Dépourvues de chiffrement, les bornes de recharge sont le nouveau terrain de jeu des hackers
Les infrastructures de recharge pour véhicules électriques, souvent laissées sans protection adéquate, deviennent des cibles de choix pour les hackers. Plusieurs incidents récents mettent en lumière cette vulnérabilité croissante.
En 2022, des bornes de recharge gérées par une municipalité britannique ont affiché des contenus inappropriés sur leur page d’accueil. Un an plus tard, un chercheur a découvert une session TeamViewer ouverte sur une borne Electrify America, lui permettant d’accéder librement au système d’exploitation Windows. La même année, une base de données non sécurisée de Shell Recharge a exposé près d’un téraoctet de journaux, révélant des informations sensibles sur les clients et la localisation de bornes privées. Fin 2024, environ 116 000 enregistrements d’un fournisseur indien de gestion de l’énergie, utilisés dans huit pays, ont été divulgués sur le dark web, incluant des noms, adresses, numéros d’identification (VIN) et clés d’authentification.

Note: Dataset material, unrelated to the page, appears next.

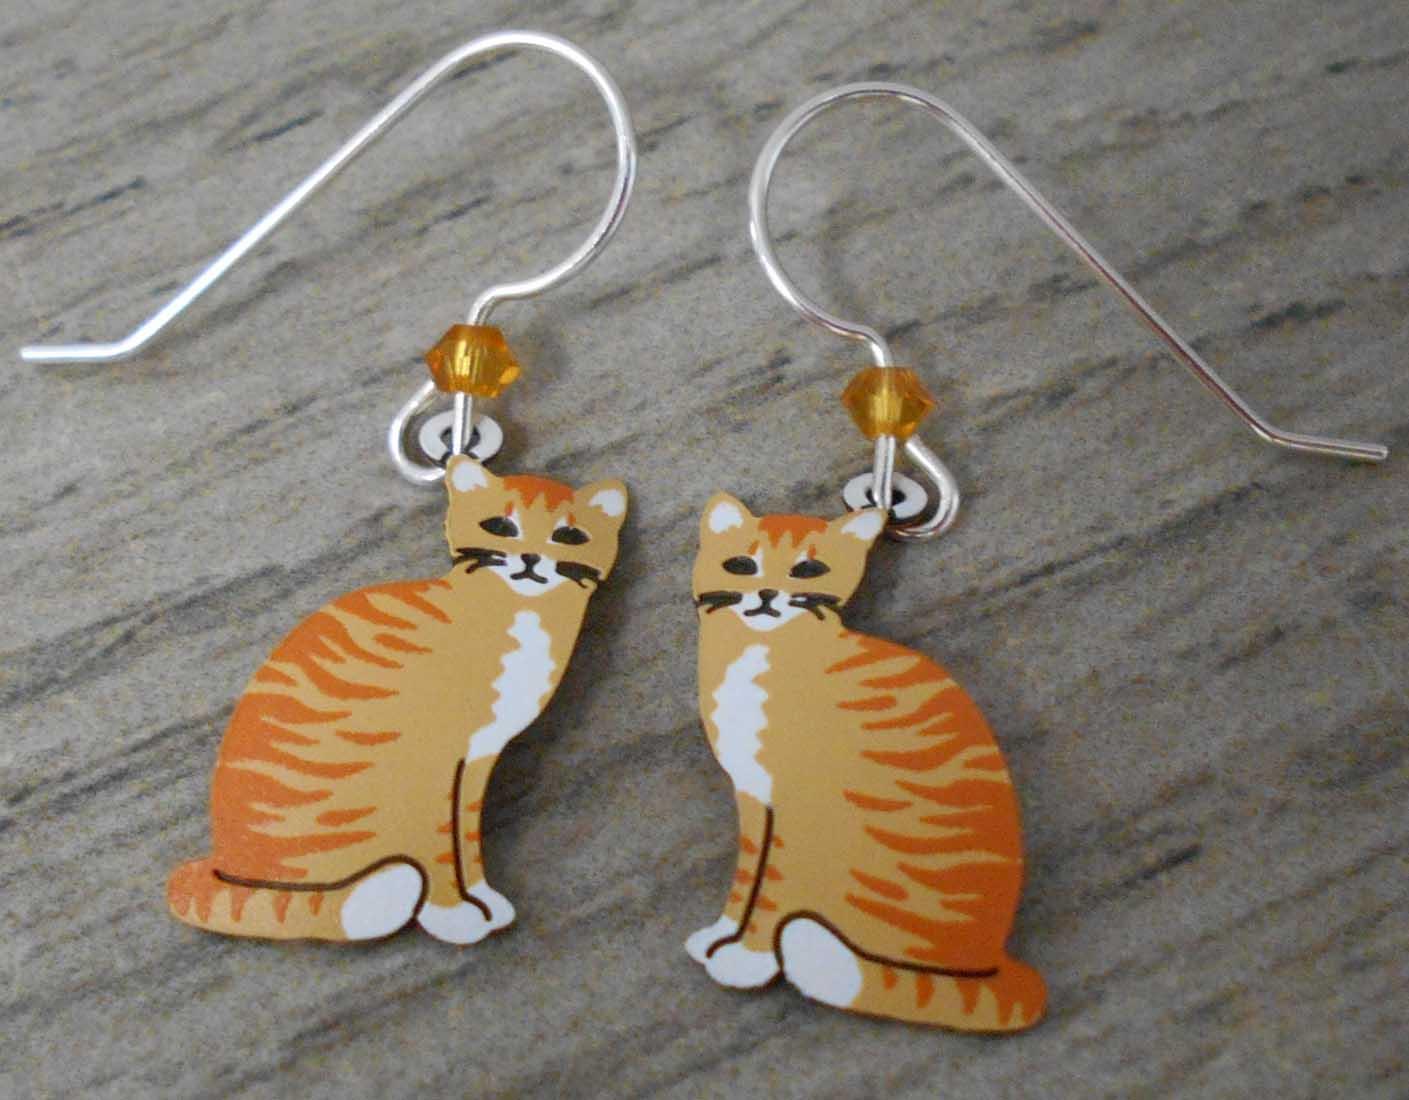 orange and white striped cat Sienna Sky earrings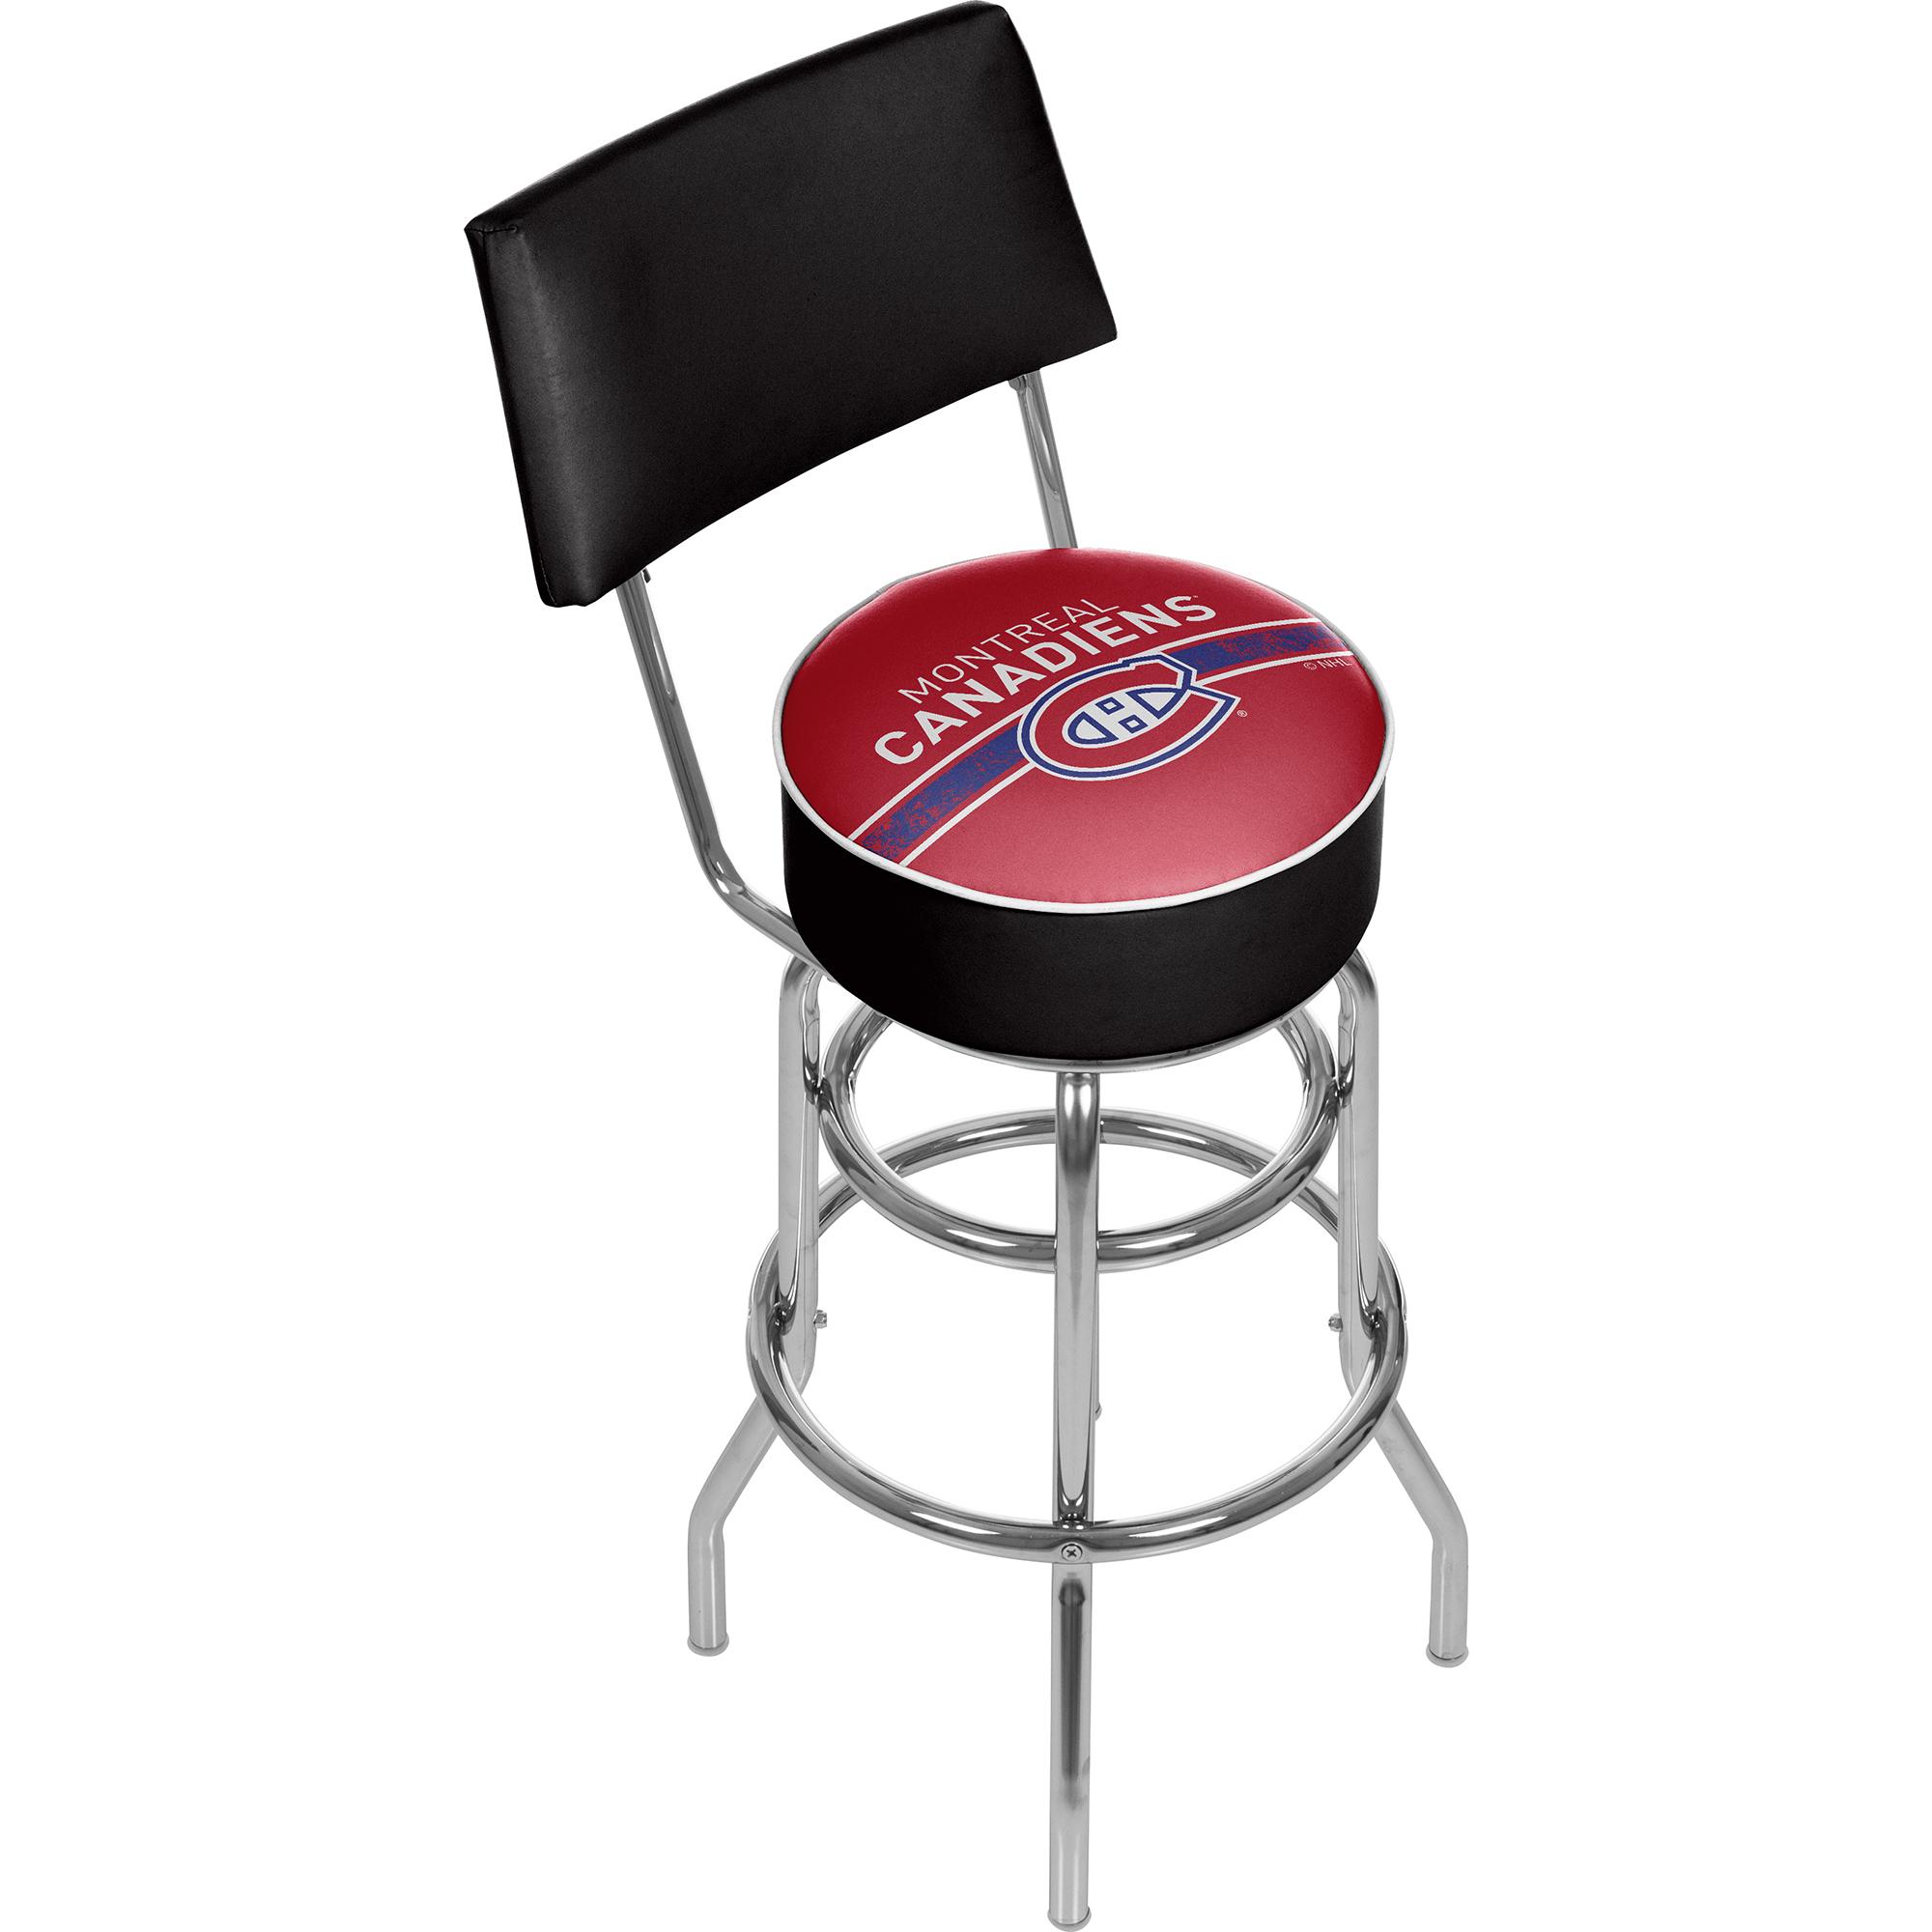 NHL Swivel Swivel Bar Stool with Back - Montreal Canadiens 589b8bebc98fc43a026d1110

Le matériel des bornes de recharge n’est pas toujours sécurisé. Lors du concours Pwn2Own Automotive 2024, l’équipe Synacktiv a réussi à prendre le contrôle de plusieurs chargeurs, exploitant notamment un système d’appairage Bluetooth vulnérable. En mars 2026, un avis de la CISA a signalé une faille critique sur des bornes Everon, qui acceptaient un identifiant de station sans vérification d’authentification. D’autres systèmes OCPP ont également été touchés, permettant à des attaquants de détourner des connexions et d’intercepter des paiements.
En 2026, Pwn2Own a pour la première fois ciblé les superchargeurs de niveau 3, révélant 76 vulnérabilités en trois jours, dont la première exploitation publique d’une faille sur un superchargeur. L’outil ChargePrint, présenté en 2023, a montré qu’environ 92% des 27 439 bornes analysées dans le monde présentaient au moins une vulnérabilité.
Pour les utilisateurs, cela ne signifie pas que les charges en cours peuvent être détournées à distance. Cependant, 72% des interfaces de gestion observées acceptent des connexions non sécurisées, et la responsabilité de leur sécurisation incombe à des acteurs qui ne sont pas encore soumis à des obligations réglementaires.
Source : Clubic.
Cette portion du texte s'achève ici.